In general, pathologic tumor stage following RC is a crucial predictor of survival in patients with bladder cancer. In particular, chemo-induced tumor downstaging is considered to be a useful and potential surrogate marker that has been associated with favorable survival outcomes among patients treated with subsequent RC (11, 13–16). The impact of various NACH regimens including CM, CMV, MVAC, and GC, on the achievement of pCR and on survival outcomes has been evaluated by many investigators, both retrospectively and prospectively (14, 18–33). There was only one prospective trial that evaluated the CMV (31) and CM (32) regimens. The survival benefit achieved with the NACH with MVAC regimen in patients with MIBC was prospectively assessed in several phase III studies (14, 30, 33), and MVAC has been considered to be an effective regimen in a neoadjuvant setting. Although the GC regimen has not been studied in a prospective setting, it has been the most commonly used and acceptable alternative to MAVC in clinical practices based on the results of several retrospective comparative studies that were conducted in patients with locally advanced bladder cancer (18, 19, 21, 22, 25, 26, 28).

In the current meta-analysis, we aimed to determine which type of NACH regimen was optimal in terms of pCR achievement among patients with MIBC who underwent subsequent RC. To the best of our knowledge, this is the first meta-analysis that has focused on the correlation between each NACH regimen and pCR. We evaluated a total of 17 eligible studies, which consisted of 12 retrospective and five prospective studies. There were five prospective studies of the MVAC, CM, and CMV regimens (14, 40–33). The overall pCR rate was higher for patients treated with NACH plus RC than for those treated with RC alone (10.5%–45.5% vs. 0%–14.9%). In a direct pair-wise meta-analysis of publications that compared the same regimens, both the MVAC and GC NACH regimens were associated with better pCR compared with RC alone (all P < 0.001), but there was no significant difference between the MVAC and GC regimens for the achievement of pCR (P = 0.53). On the basis of the results of the indirect network meta-analysis that compared the various regimens, all regimens (including the GC, MVAC, CMV, and CM regimens) were significantly correlated with a higher pCR rate than RC alone. In particular, of all the regimens, GC was the most effective NACH regimen for achieving pCR on the basis of the summary league table and the SUCRA values (90.6%). In contrast, in a subgroup network meta-analysis that included only five prospective randomized trials, the MVAC regimen showed a significant association with the achievement of pCR relative to RC alone. Because no prospective studies regarding GC NACH were included, it was impossible to assess the impact of GC on pCR in a prospective setting.
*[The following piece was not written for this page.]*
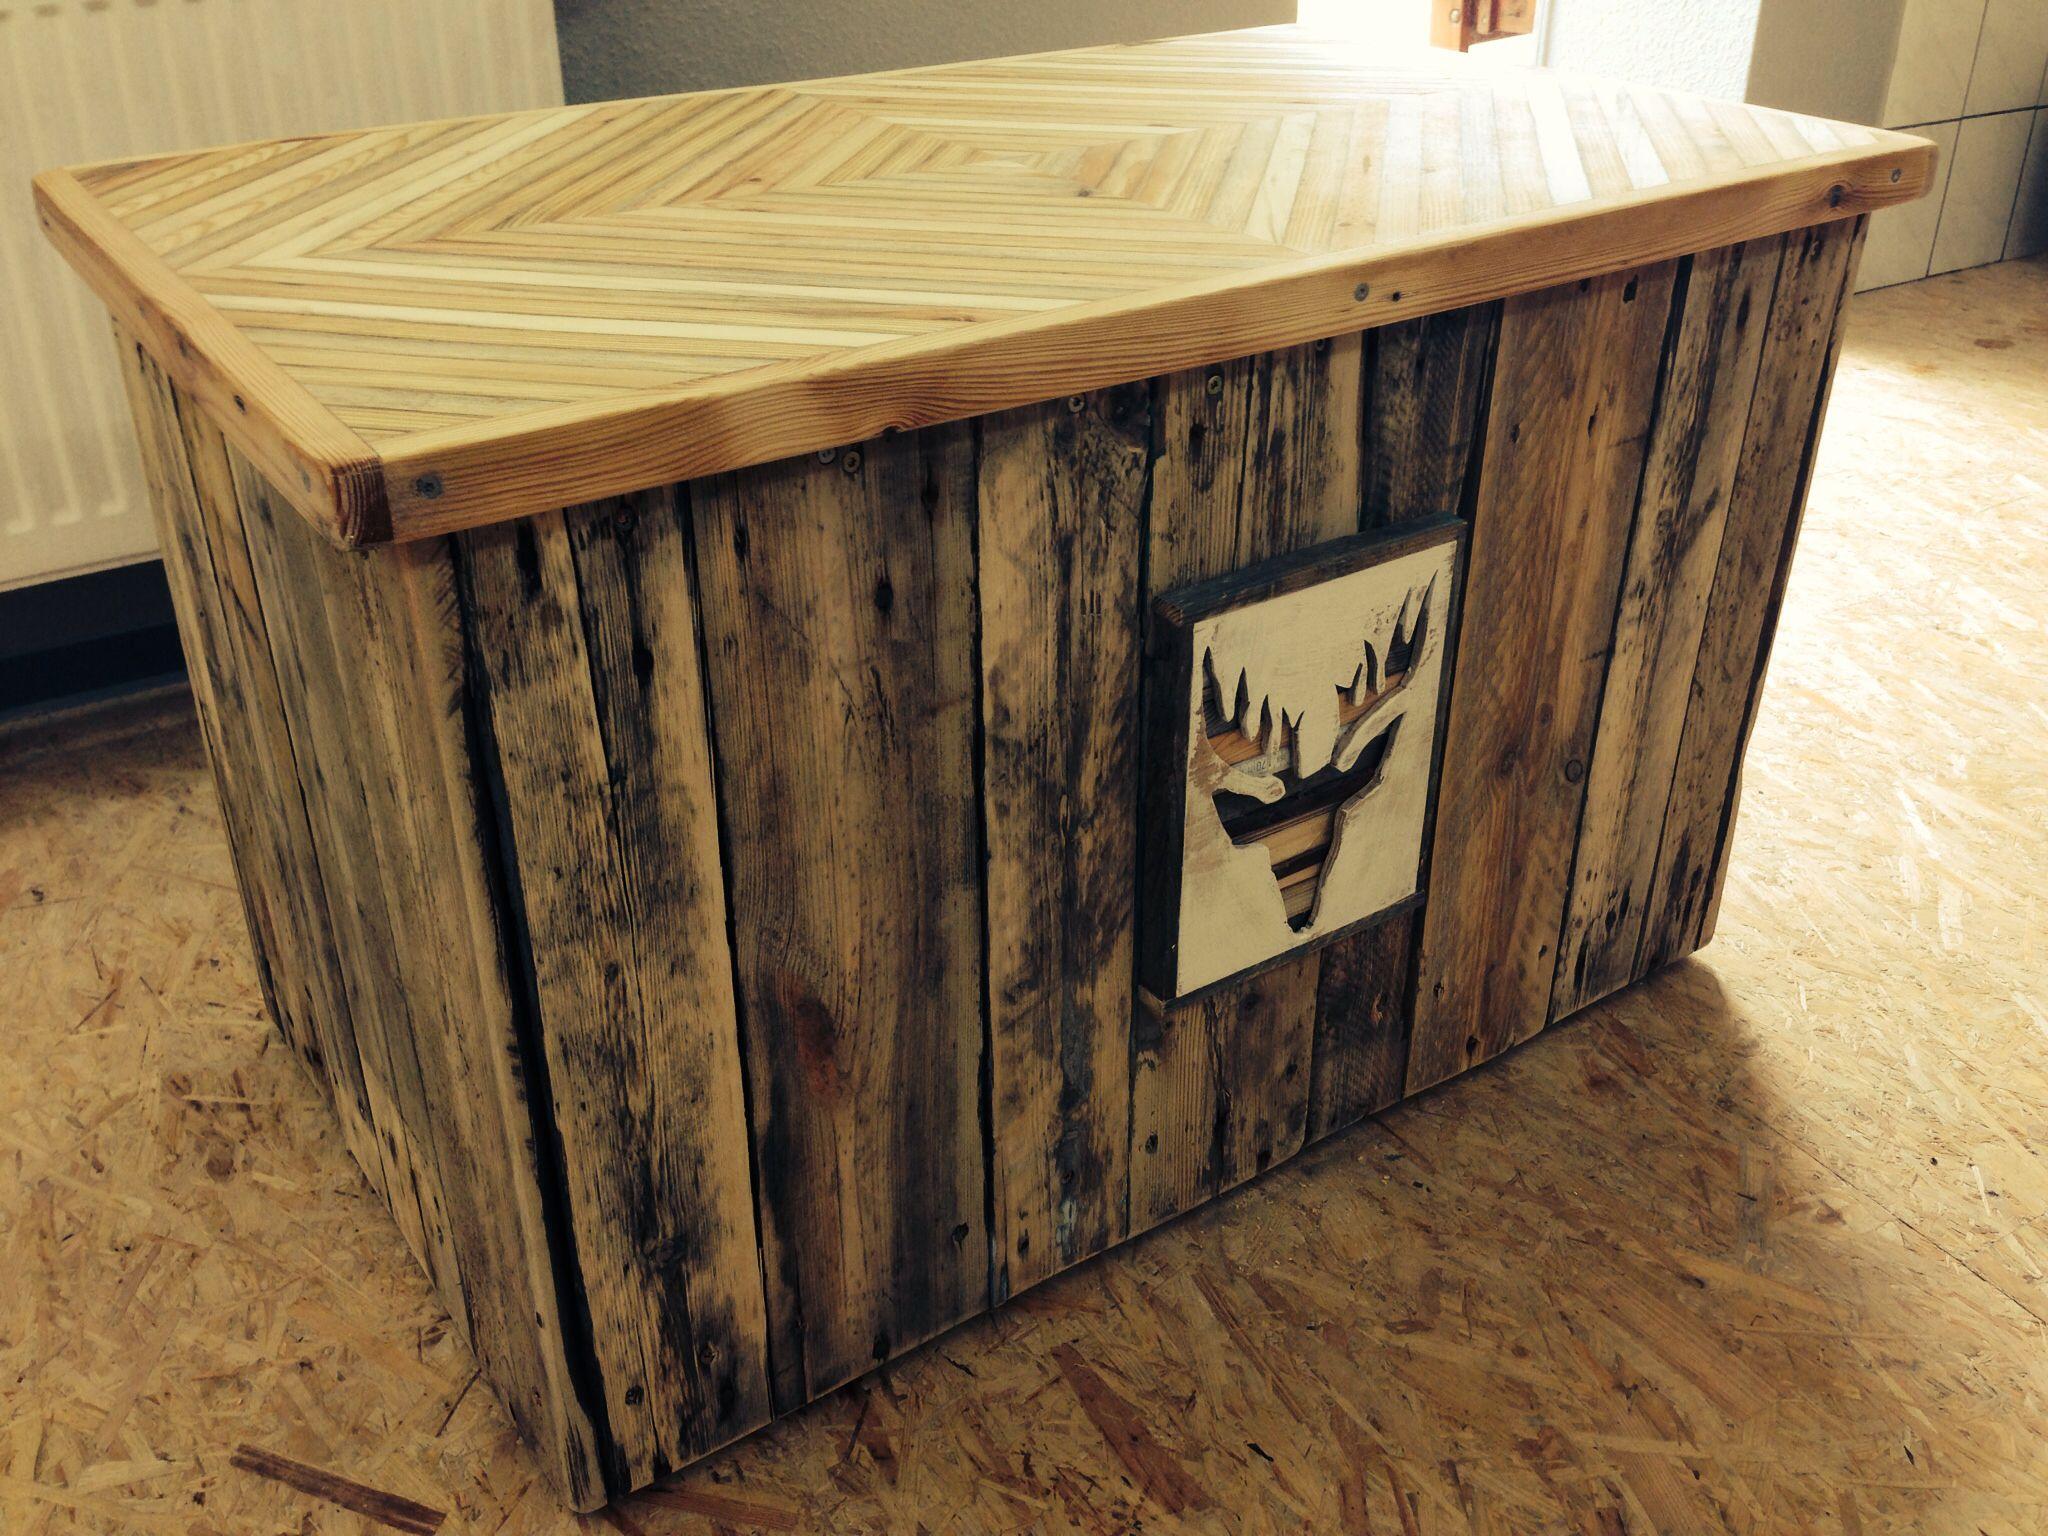 Truhe für Kissen (Gartenmöbel) aus Palettenholz | Habe ich mal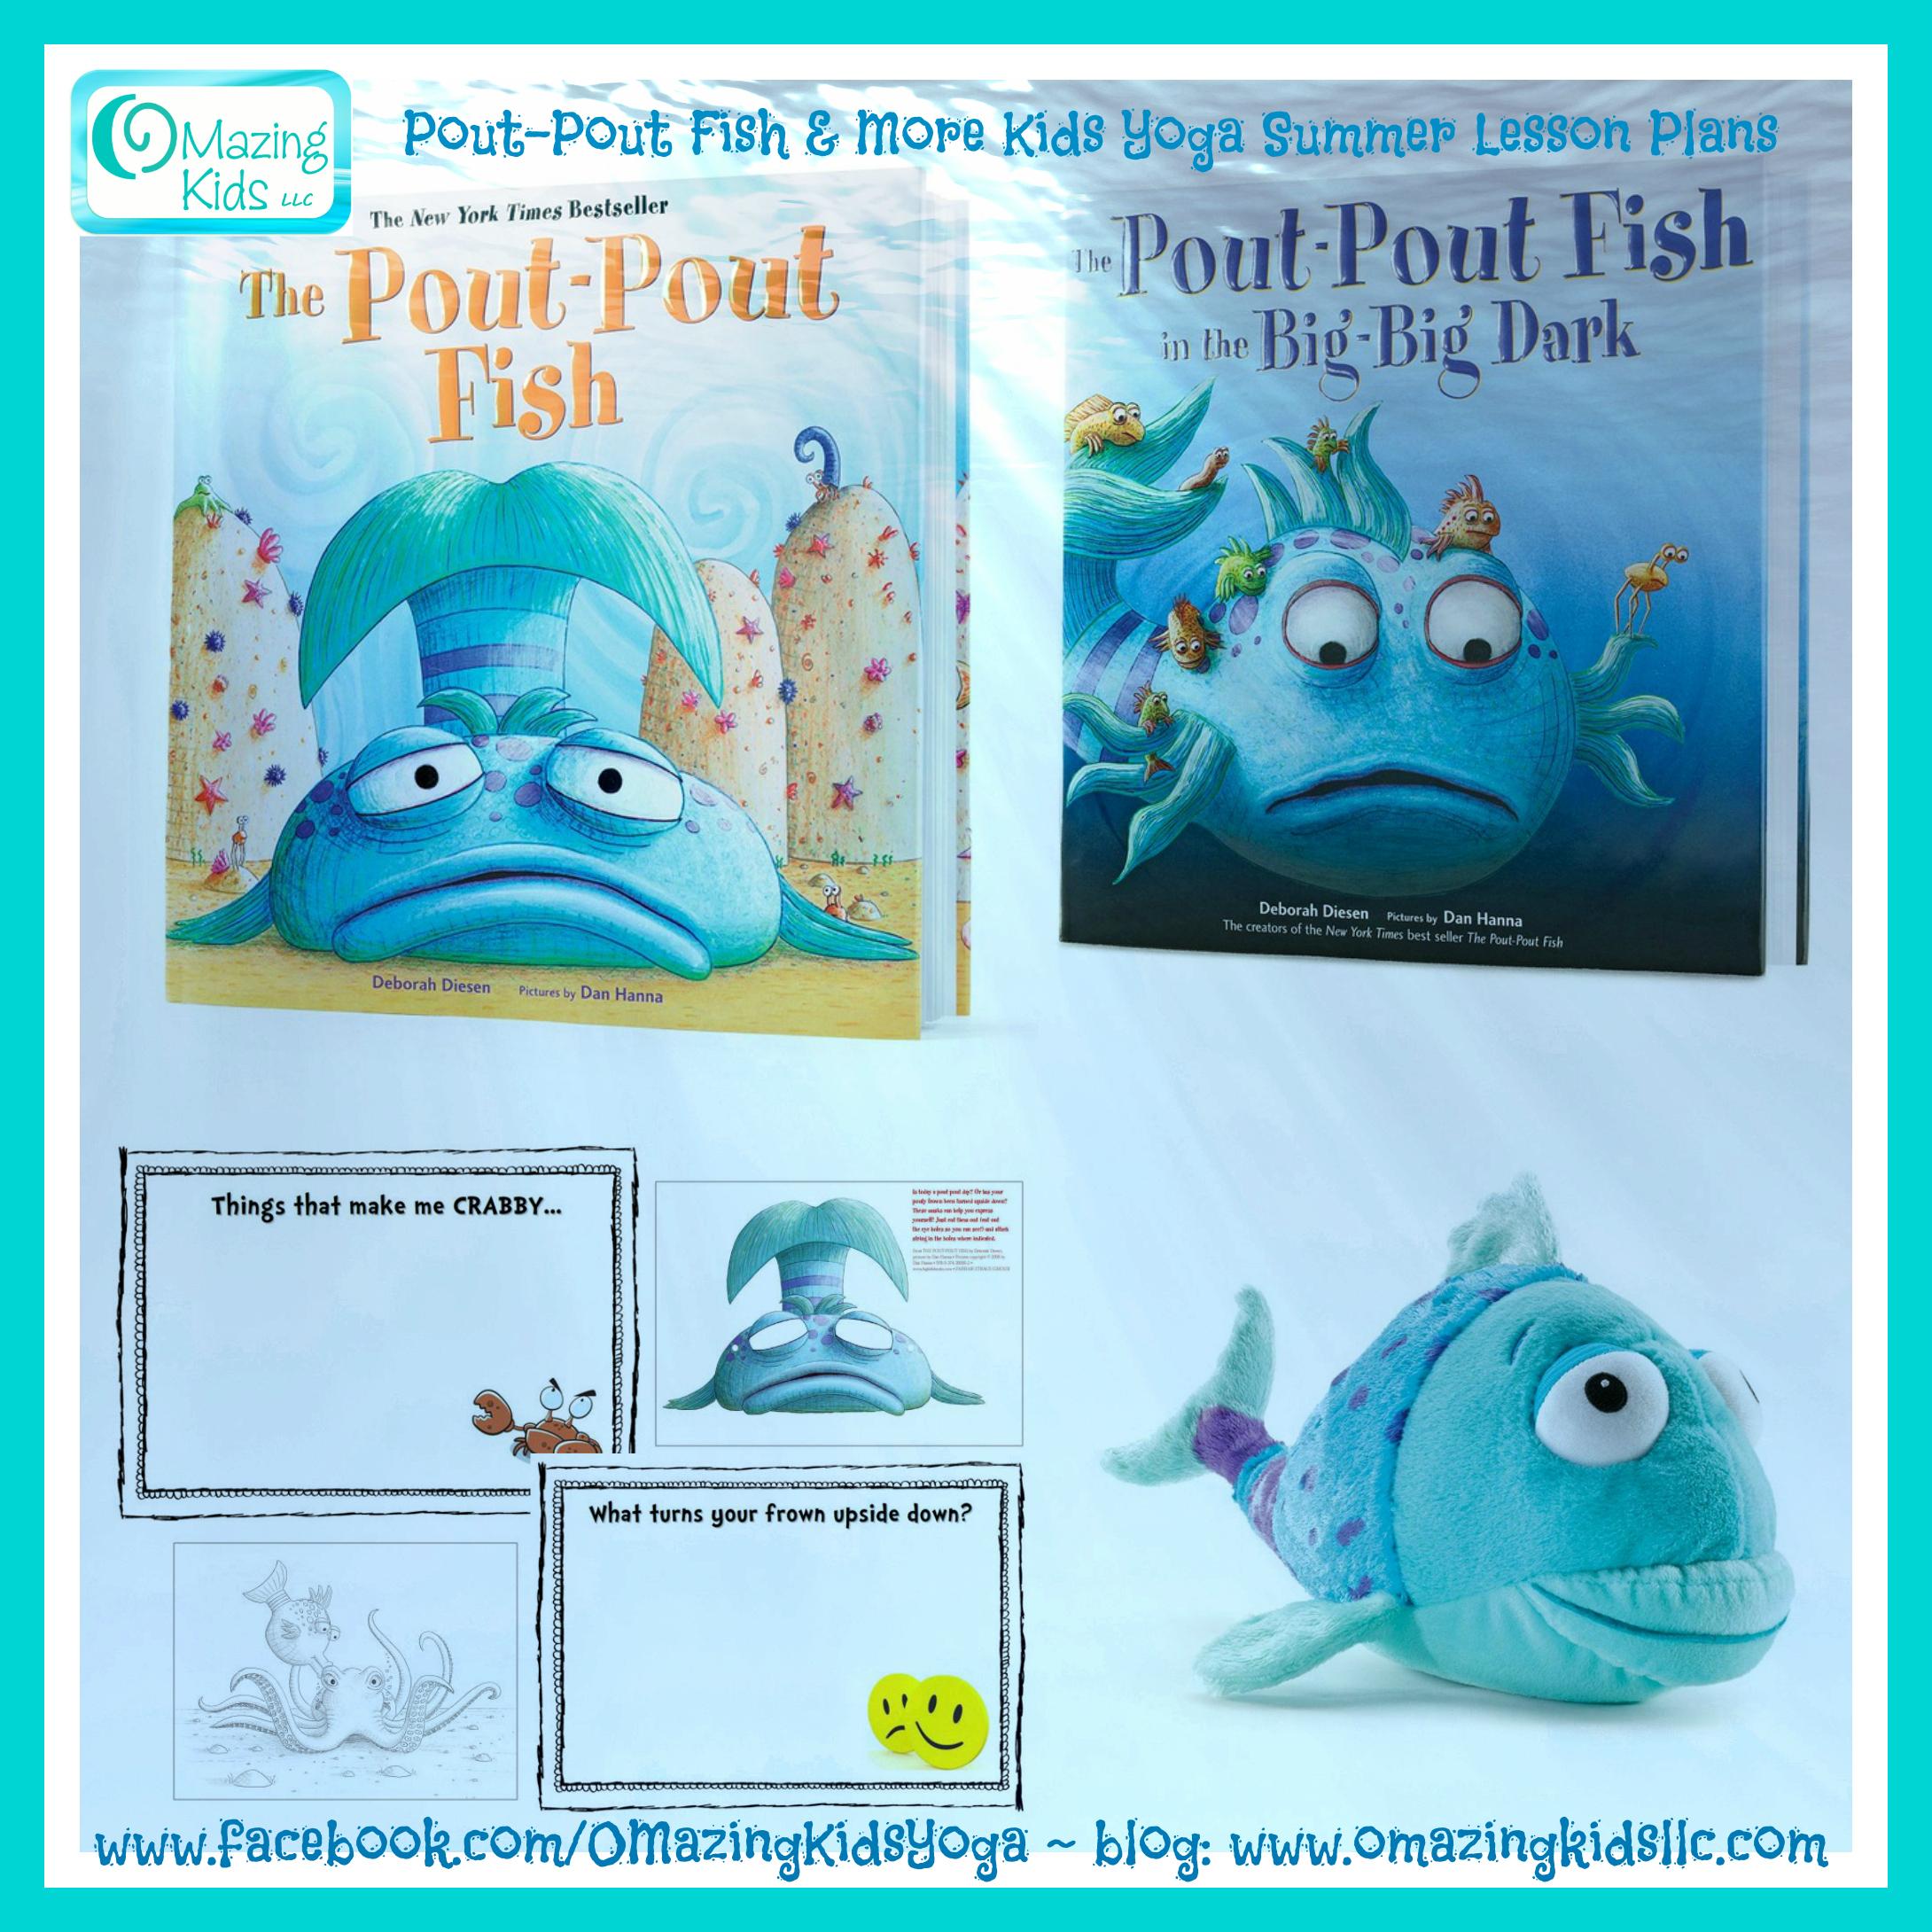 Pout-Pout Fish Lesson Plan plus Summer Themed Books, Music ...

The strengths of the present study are as follows. First, our study is the first systematic review and meta-analysis to evaluate the efficacy of the NACH regimen with a focus on pCR achievement, which may provide basic evidence to select an appropriate chemotherapy regimen in neoadjuvant setting. Second, to compare the different NACH regimens, we conducted a network meta-analysis based on a Bayesian random effect model using a Microsoft Excel–based tool called NetMetaXL (36), and therefore, we could obtain the information with reference to a hierarchy and the relative variance of the effects of each NACH regimen. Third, the articles included in this analysis were relatively consistent in terms of the treatment cycles (ranged from 2 to 4 cycles) and clinical stage. Finally, our study results can be regarded as sound, given that publication bias and interstudy heterogeneity, which can be major problems in all types of meta-analyses, were not significant in our analysis.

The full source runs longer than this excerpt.